In fact, there was, and is, nothing wrong with CNS-ATM. Since the 1990’s, the entire aviation sector has been embracing it and looked at it as the future of air navigation, agreed by most countries and embraced by the International Civil Aviation Organization (ICAO) through ICAO Document 9750. Most countries have already installed, or are in the process of installing, such related systems all over the world. The Philippines is fortunate to have gotten the assistance of JICA and acquired the CNS-ATM from Thales, which also provided the same to other countries such as Australia, Brunei, Cambodia, French Polynesia, Hong Kong, China, Singapore, Indonesia, Thailand, among others. We’re in good company, and our own CNS-ATM system, albeit slightly delayed, is operating perfectly and robustly.

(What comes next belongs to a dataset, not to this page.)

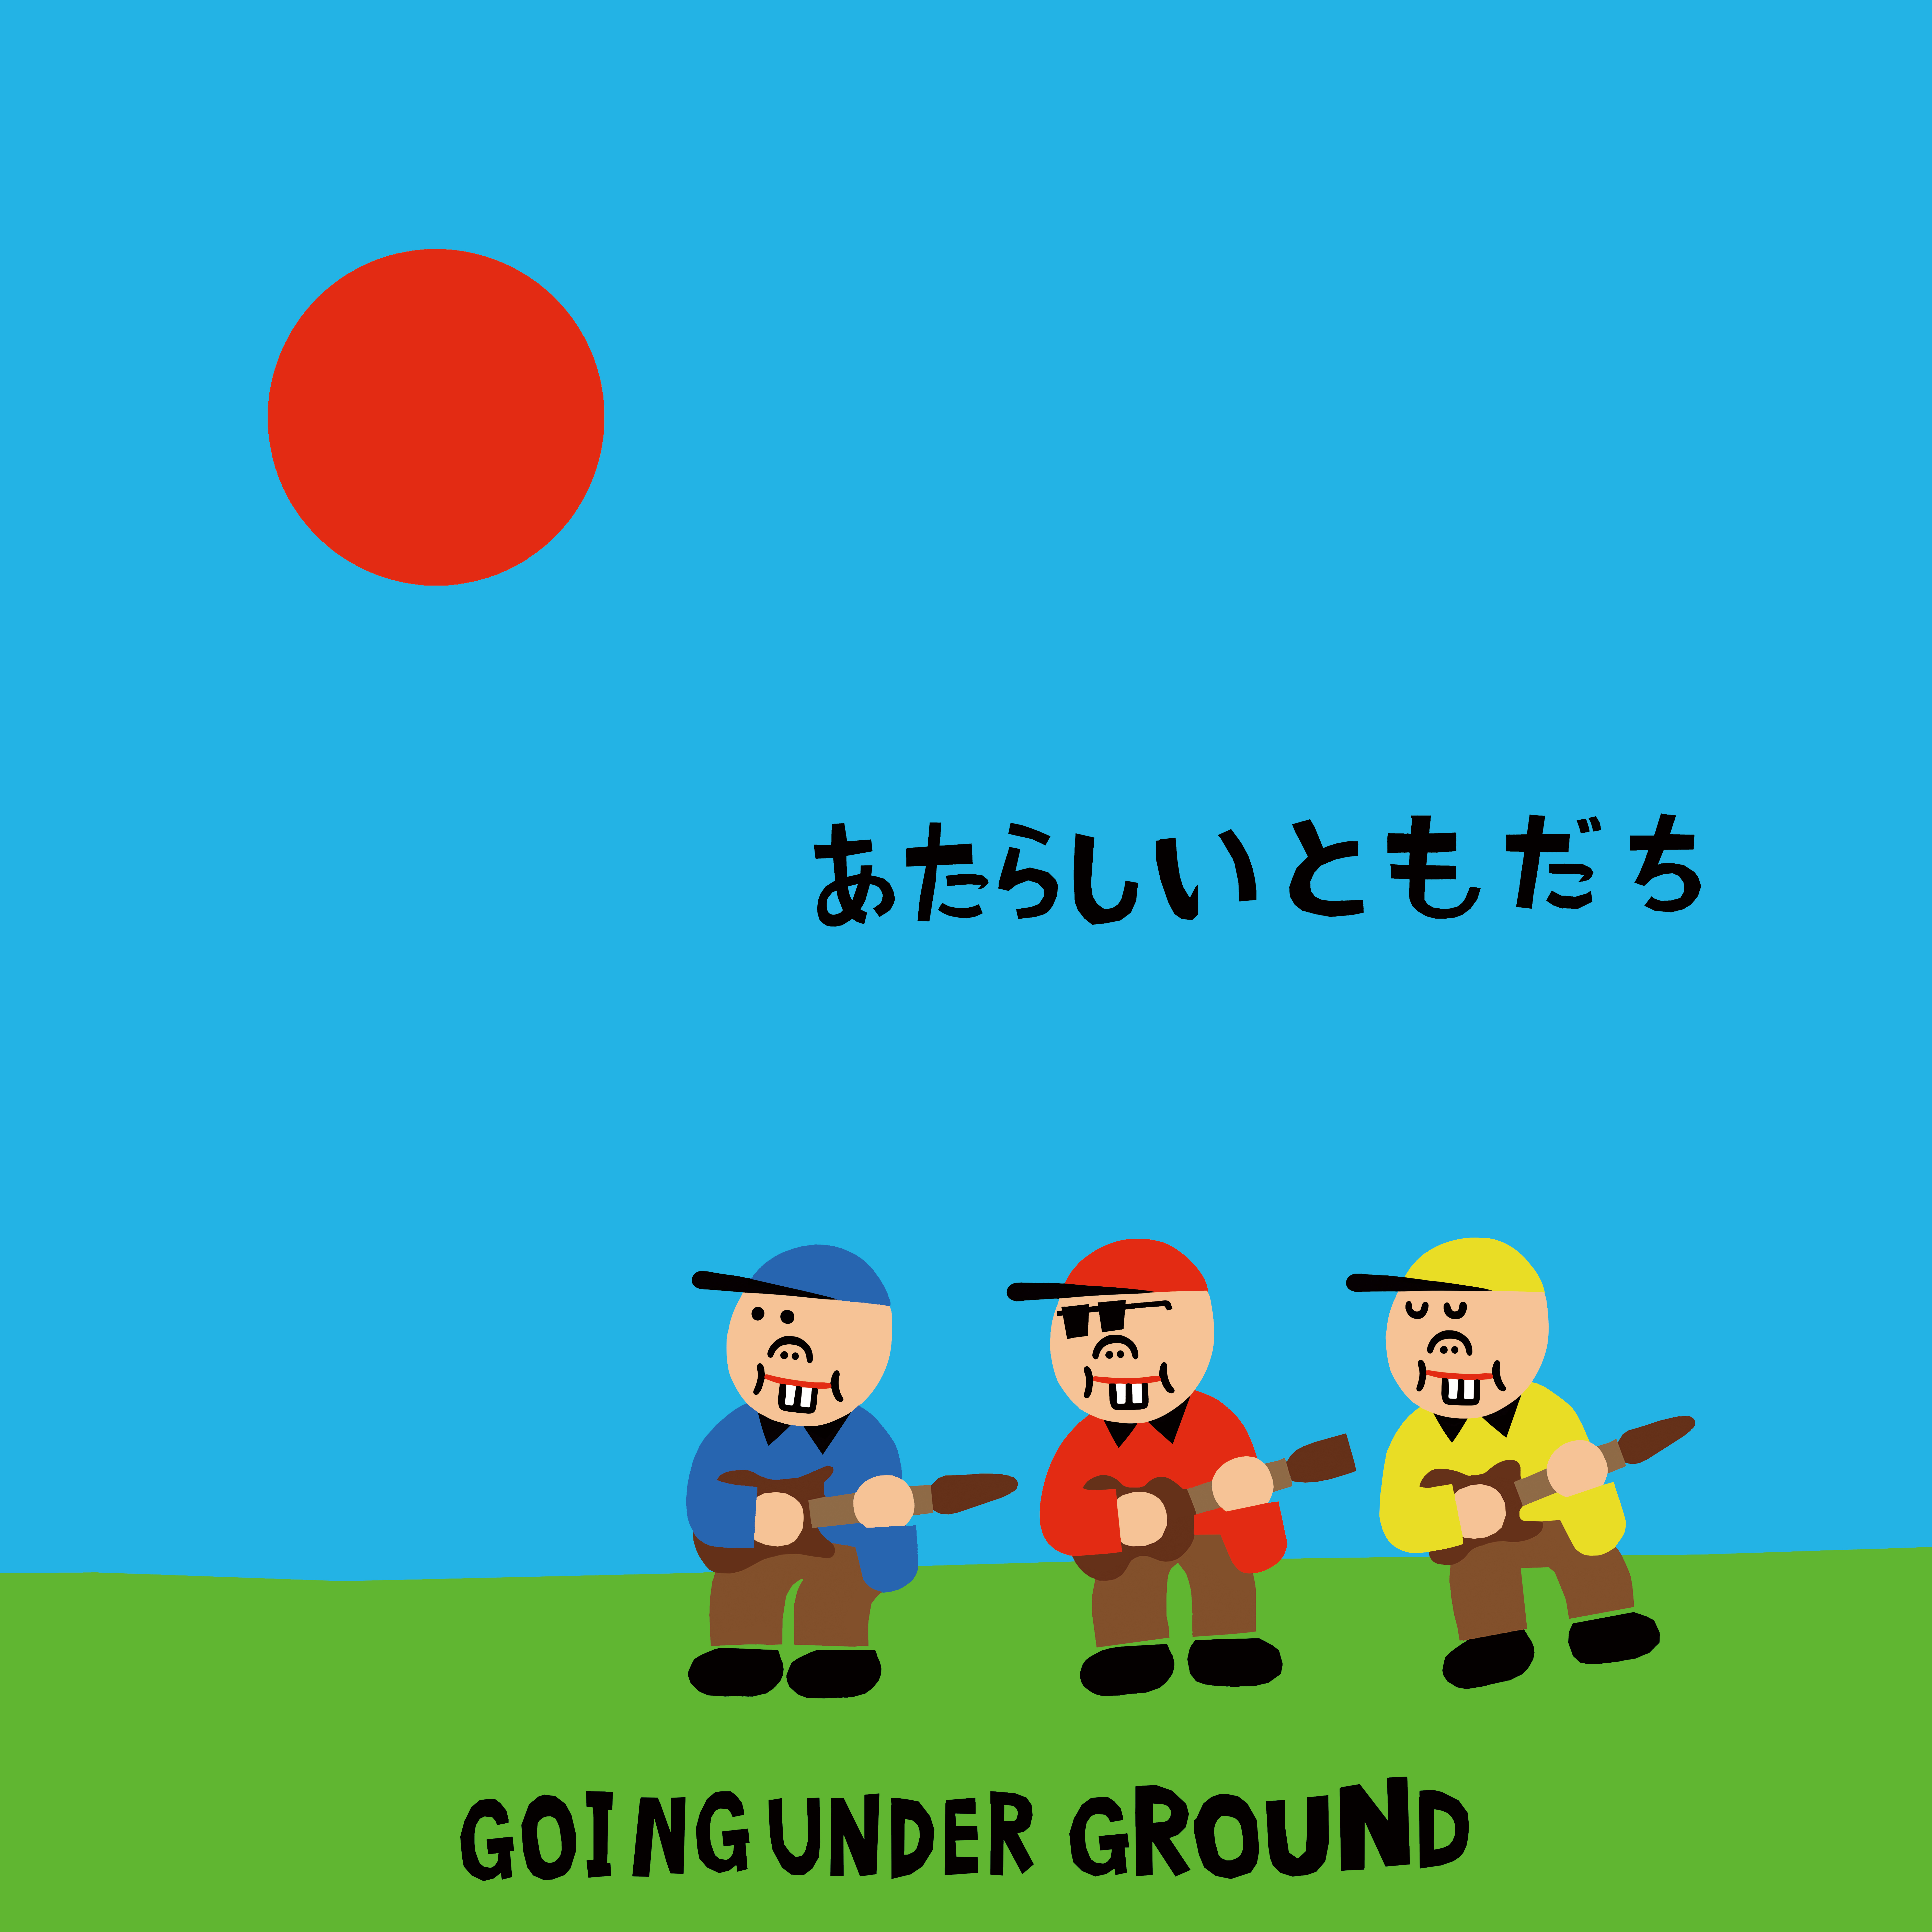 GOING UNDER GROUND official Site
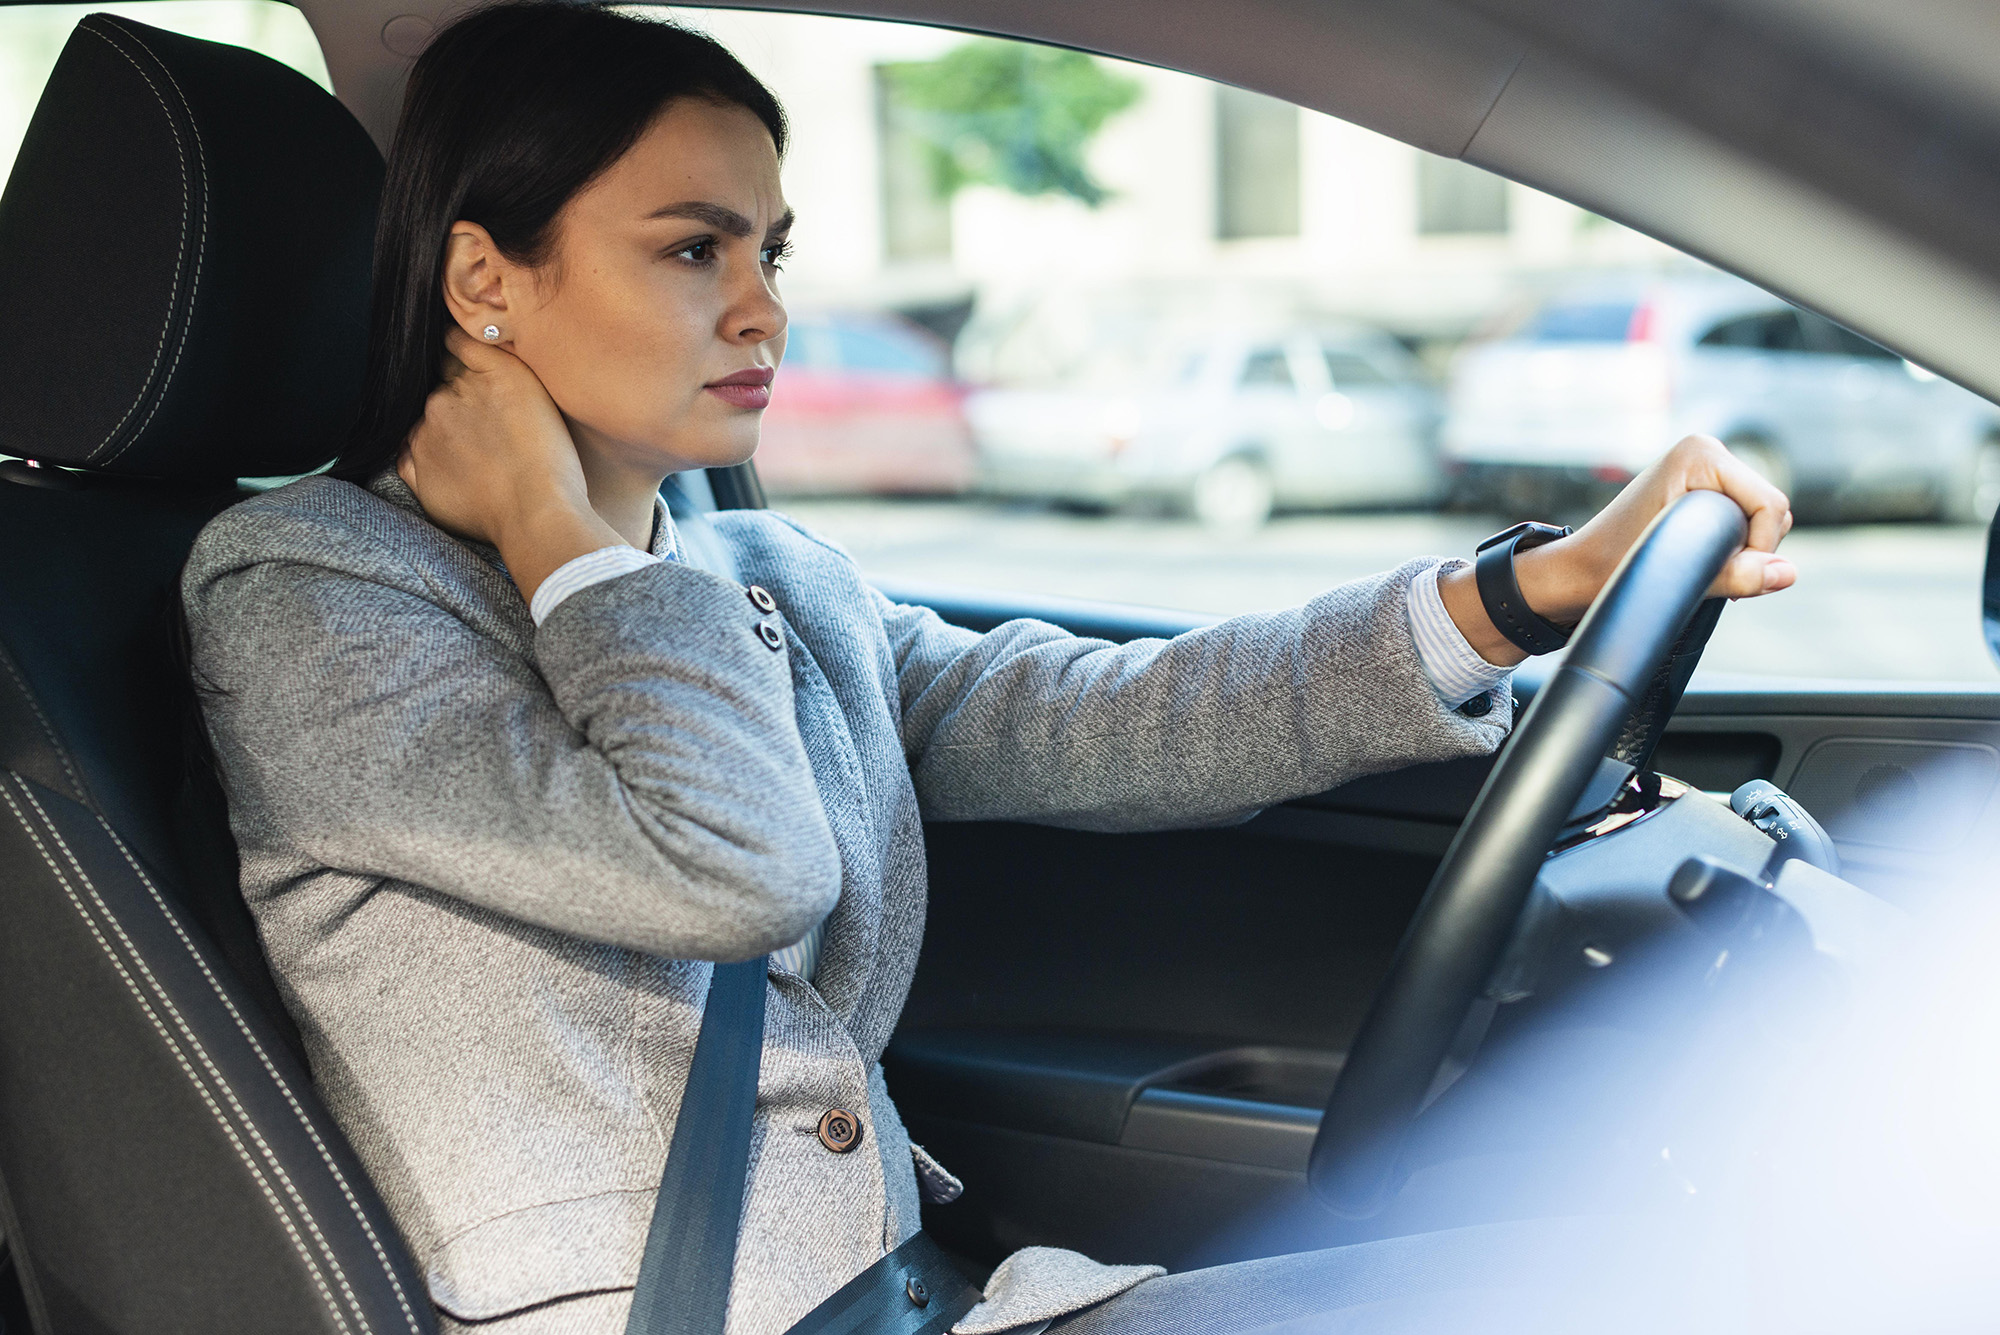 5 Tips to Prevent Back Pain While Driving

It only came out around two or so days later, on what most probably has happened. Until they release the official explanation, we will always wonder what the truth is. But one thing is sure; it was not the CNS-ATM’s fault. It was something with the electrical system powering it, possibly the Uninterruptible Power Supply (UPS) or its standby battery, or a circuit breaker connected to it. Just as most of our computers may work perfectly even when brownout happens, they will also be turned off if the UPS fails. Our CNS-ATM did not fail, it was working properly, excellently in fact. But nothing beats a faulty electrical supply. The question is why did it happen?

The CNS-ATM is fail-safe! It has multiple redundancies which always perfectly ensures it won’t fail and will continue to operate, save for global disruptions like earthquakes, volcanic eruptions, typhoons, or nuclear wars. CNS-ATMs all over the world don’t fail. Ours didn’t also, but our agencies’ ability to provide continuous power did. Why?